Your task:
No pictures belong in the copy. Restate the rest of the data exactly.

Collected material:
Content starts

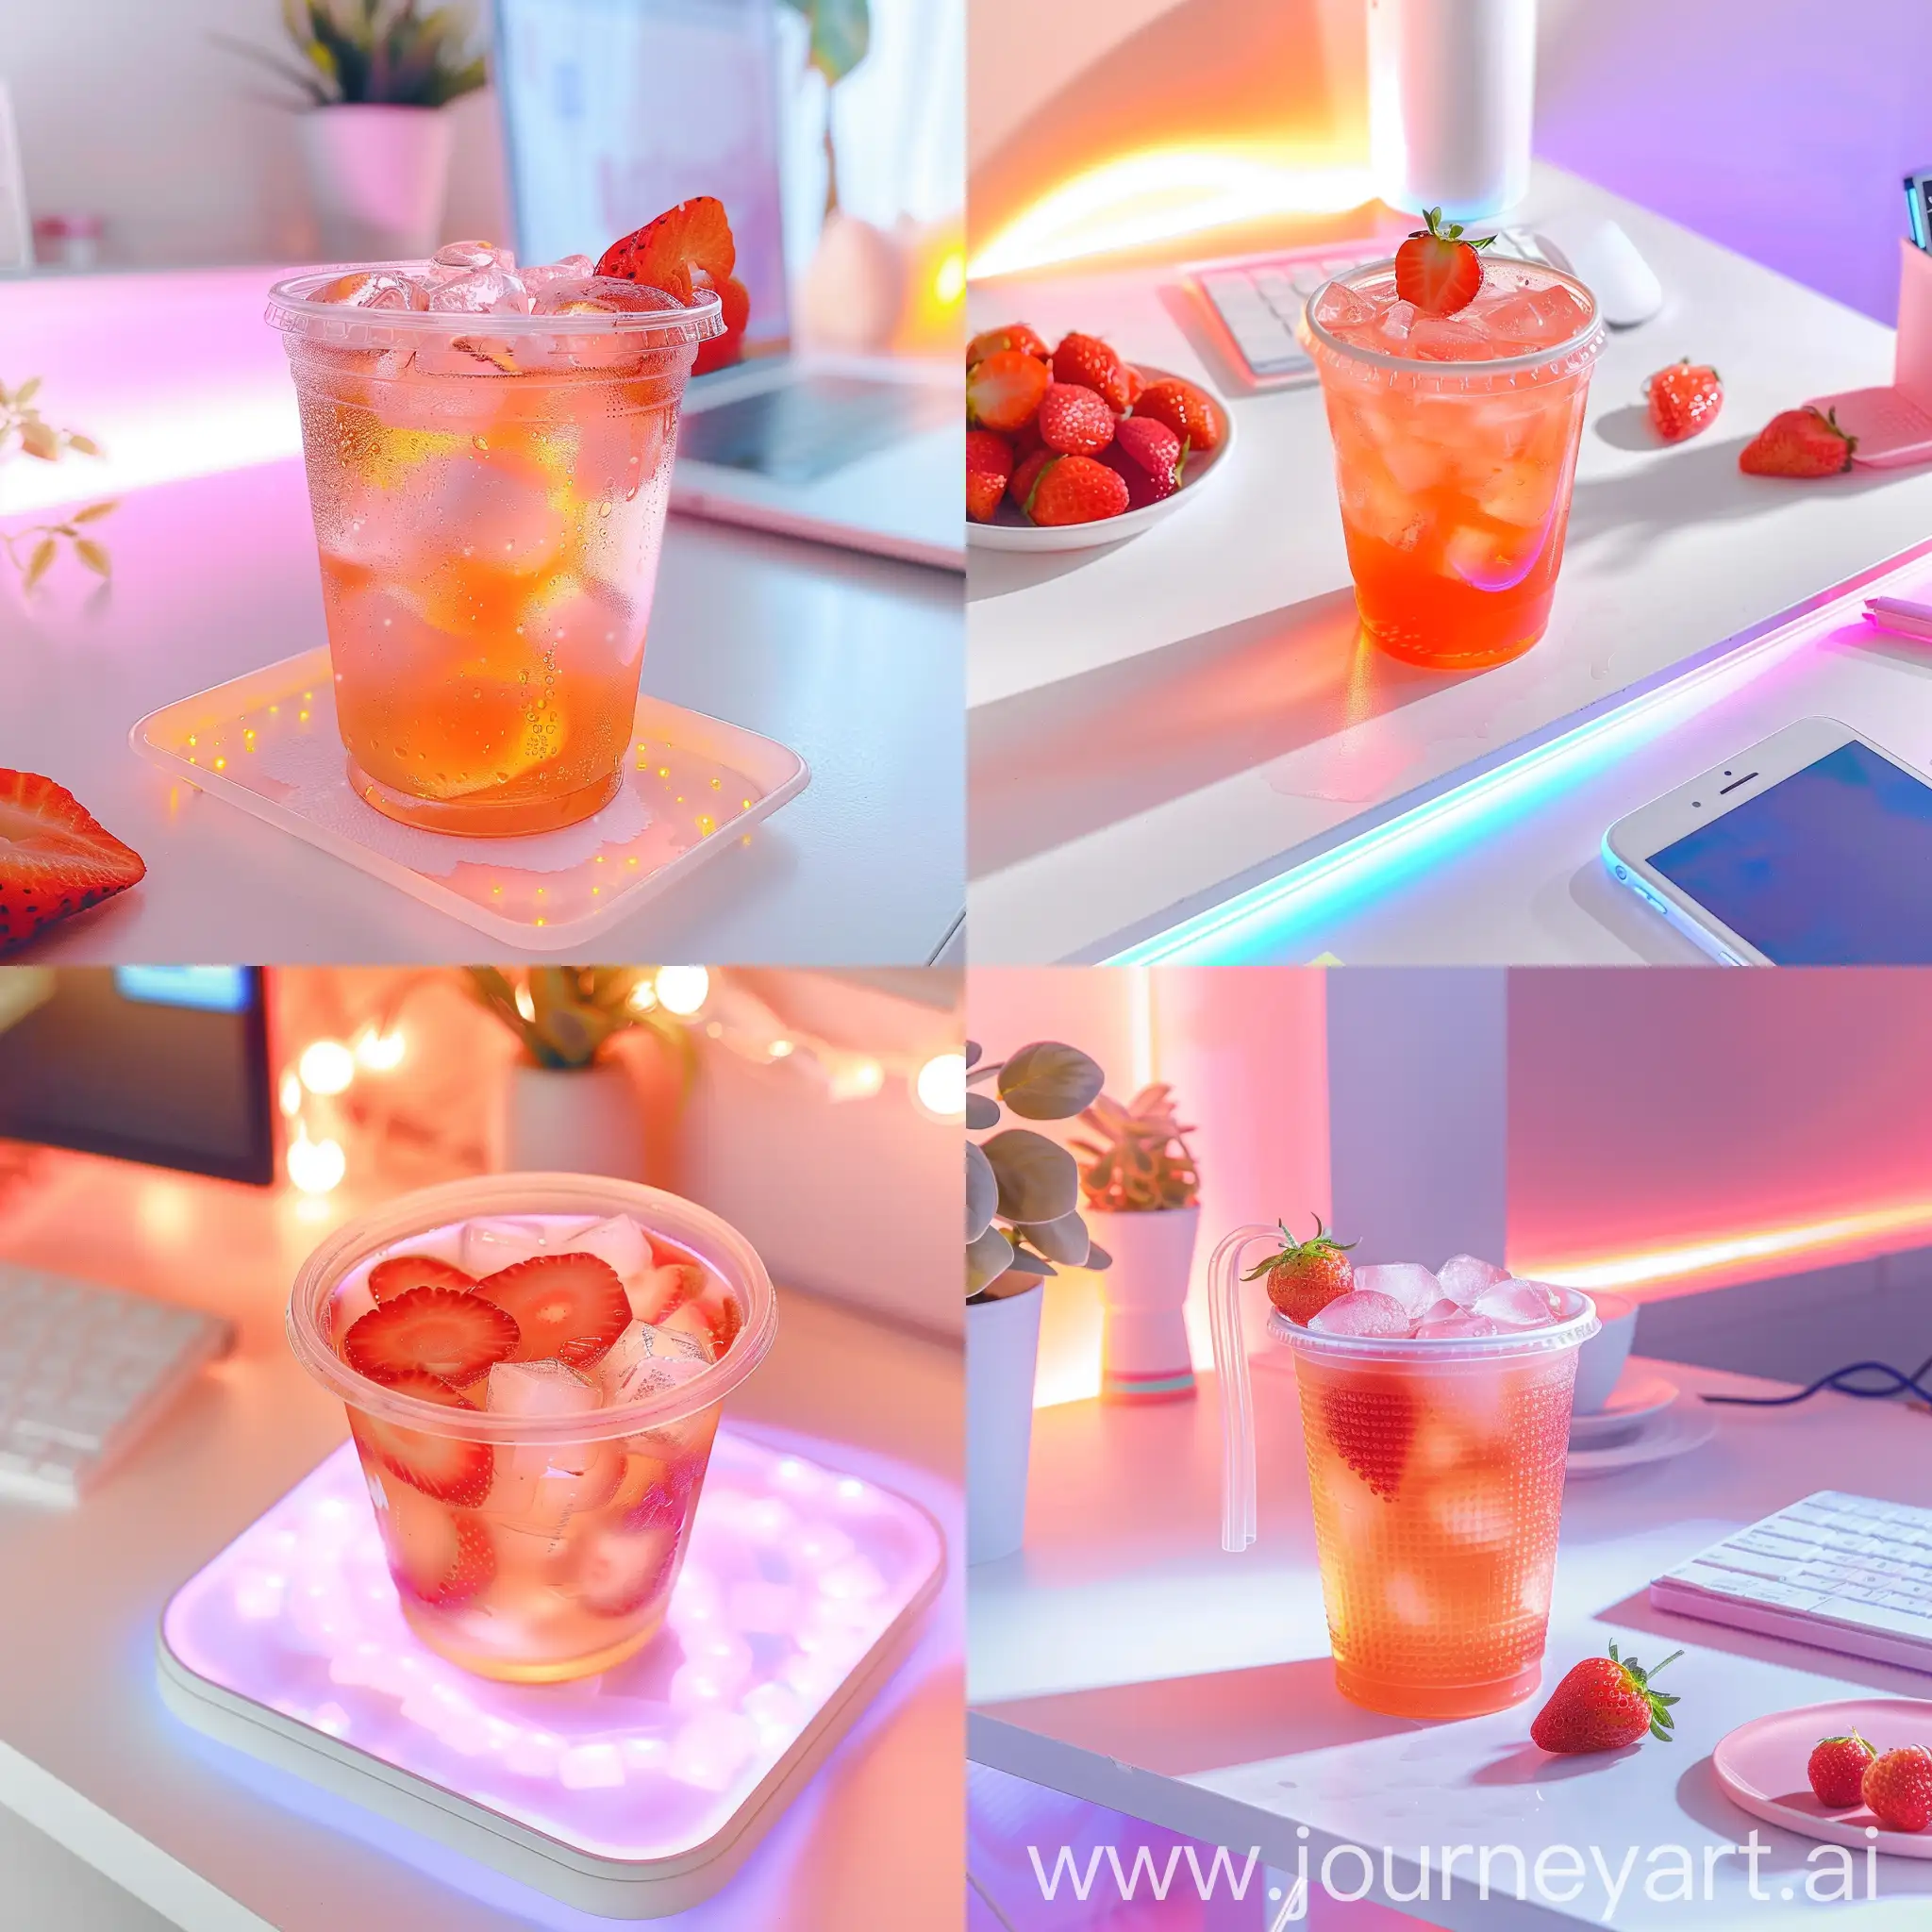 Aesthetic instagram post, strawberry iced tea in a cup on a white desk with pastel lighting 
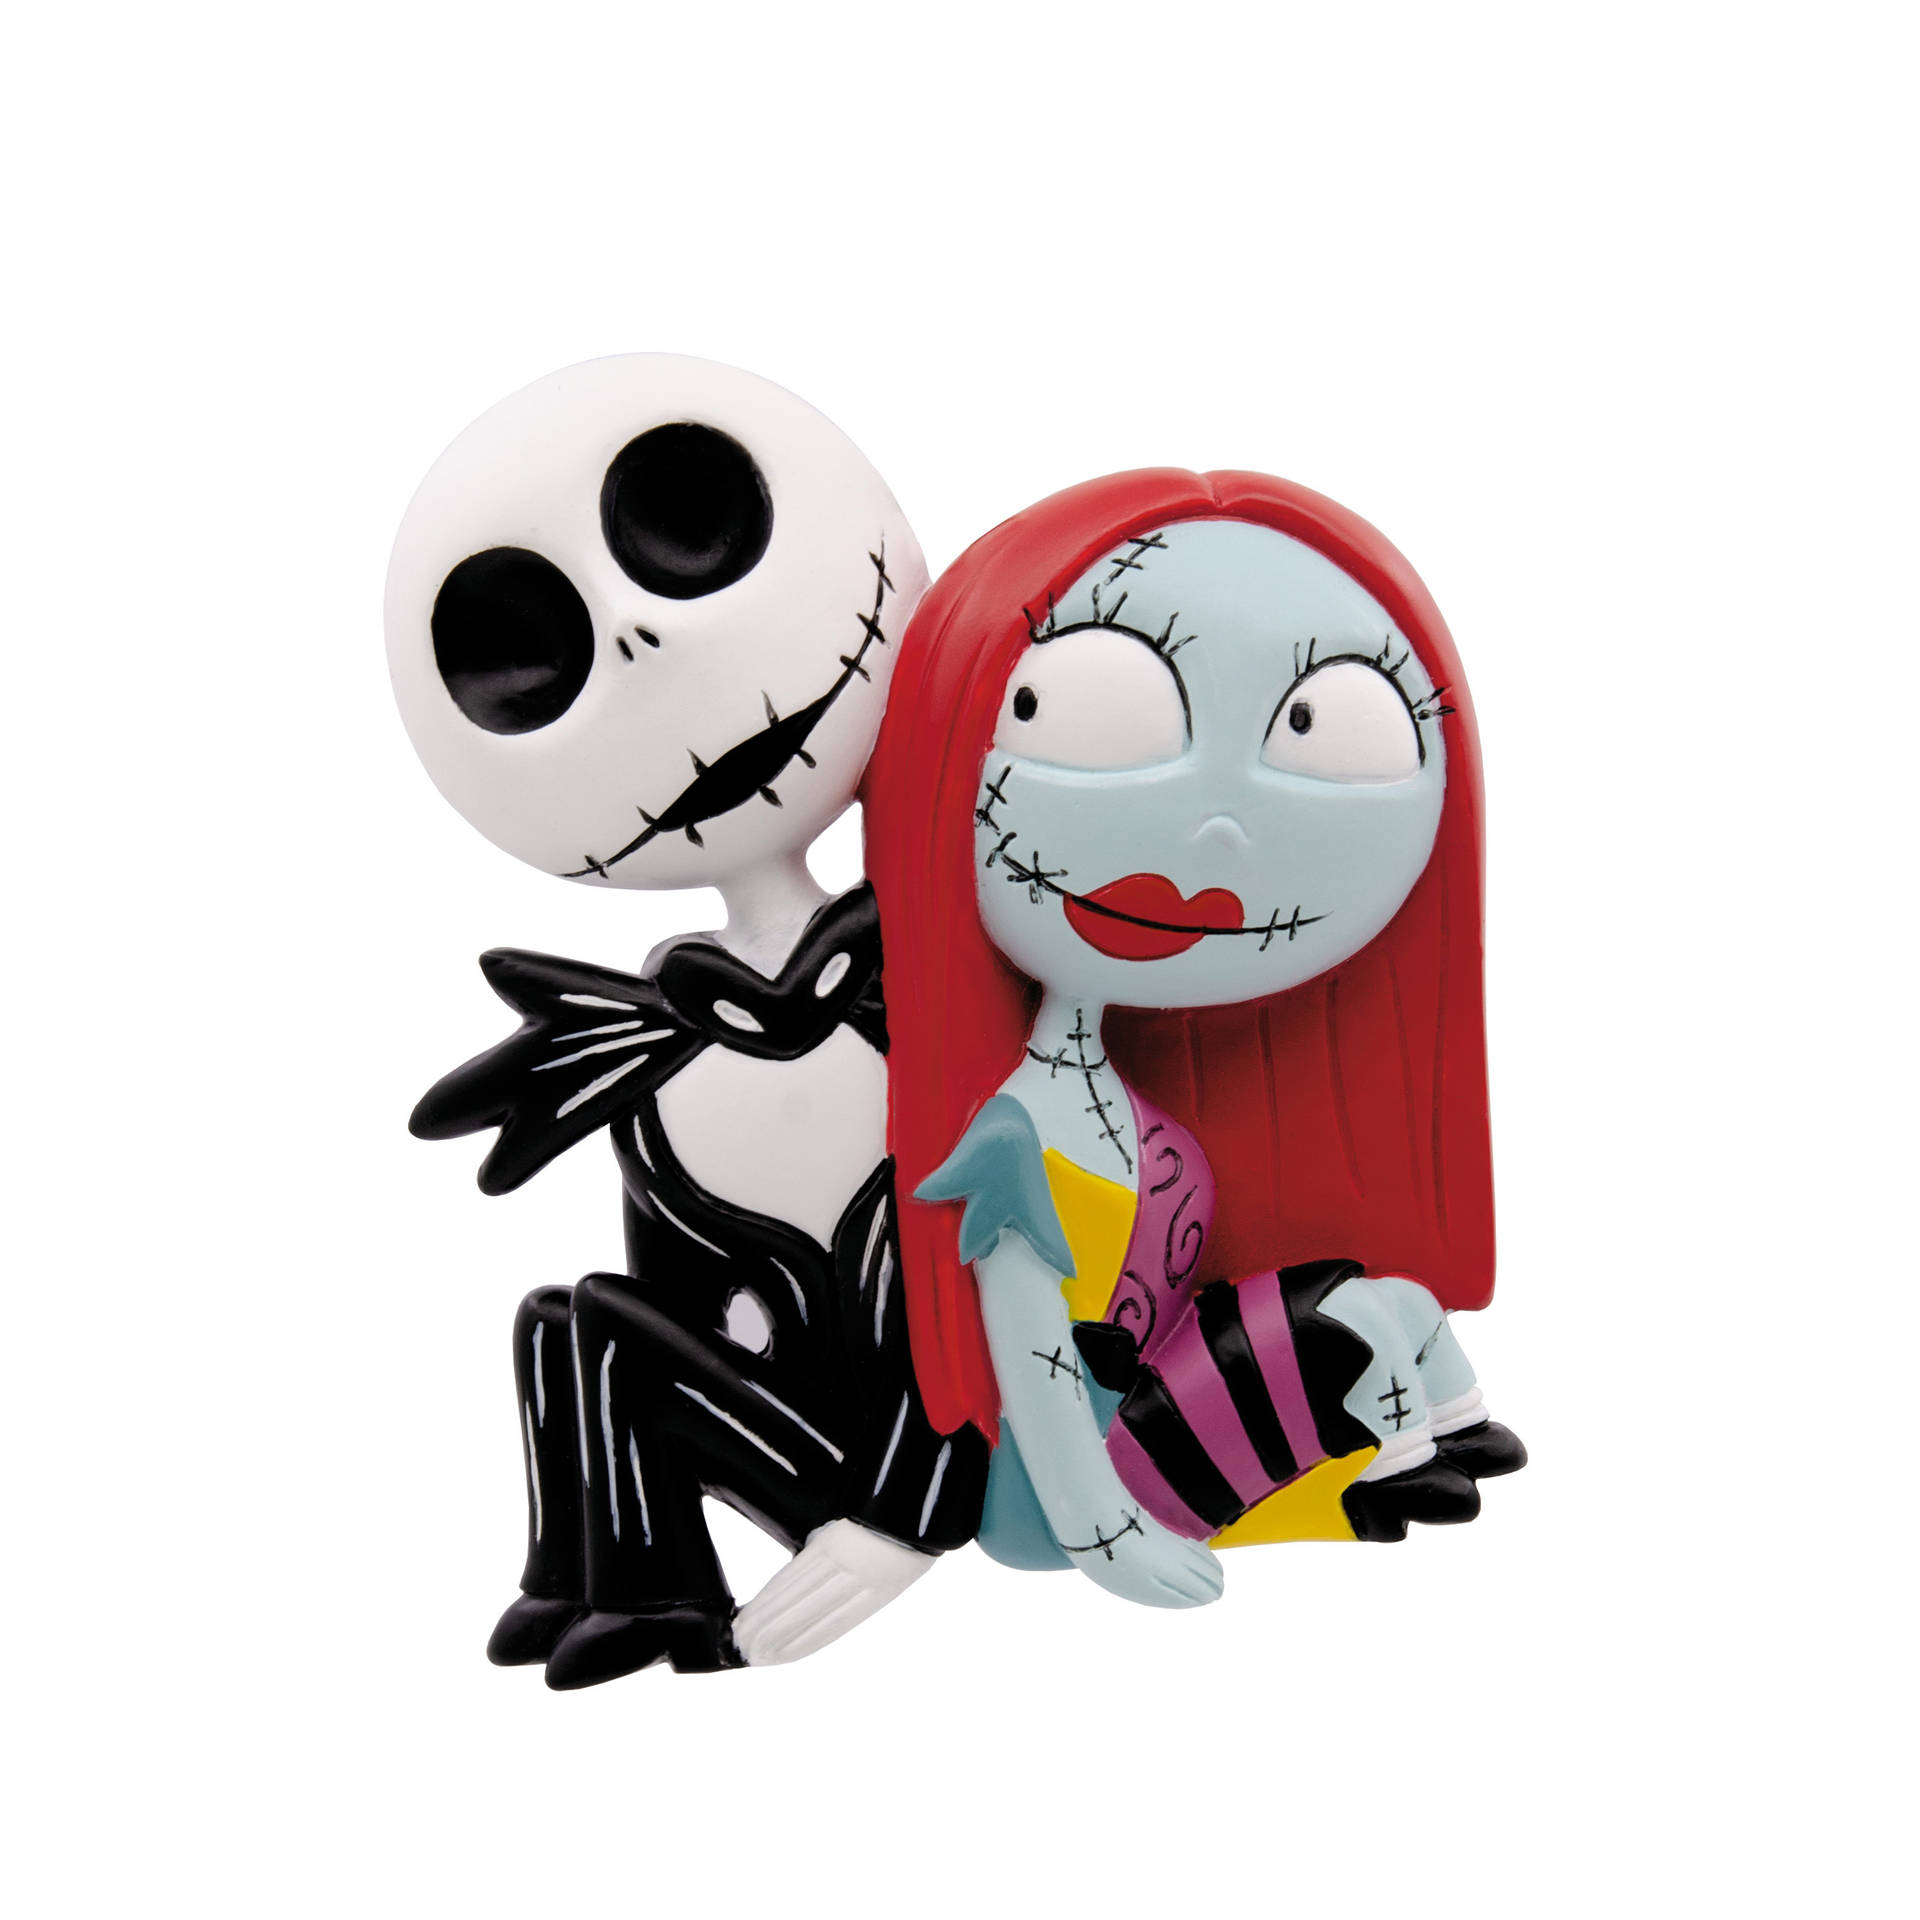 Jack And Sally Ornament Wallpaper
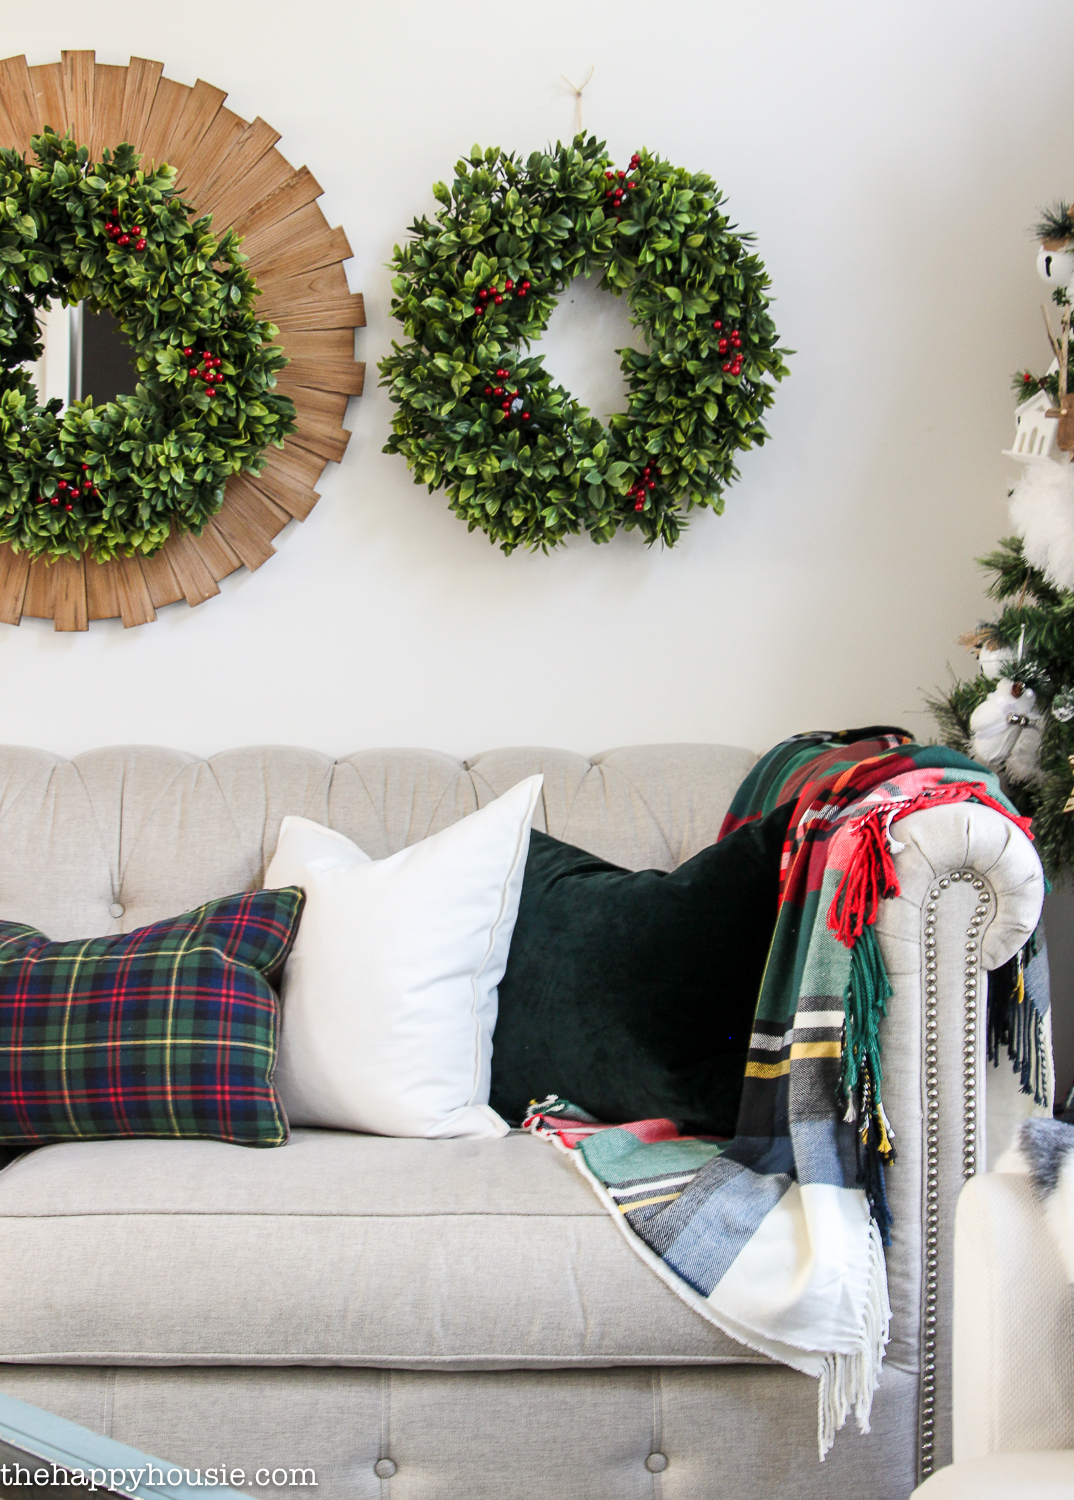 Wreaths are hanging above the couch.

Content ends

Reply:
 Aesthetic instagram post, strawberry iced tea in a cup on a white desk with pastel lighting 
 Jack And Sally Ornament Wallpaper
 Wreaths are hanging above the couch.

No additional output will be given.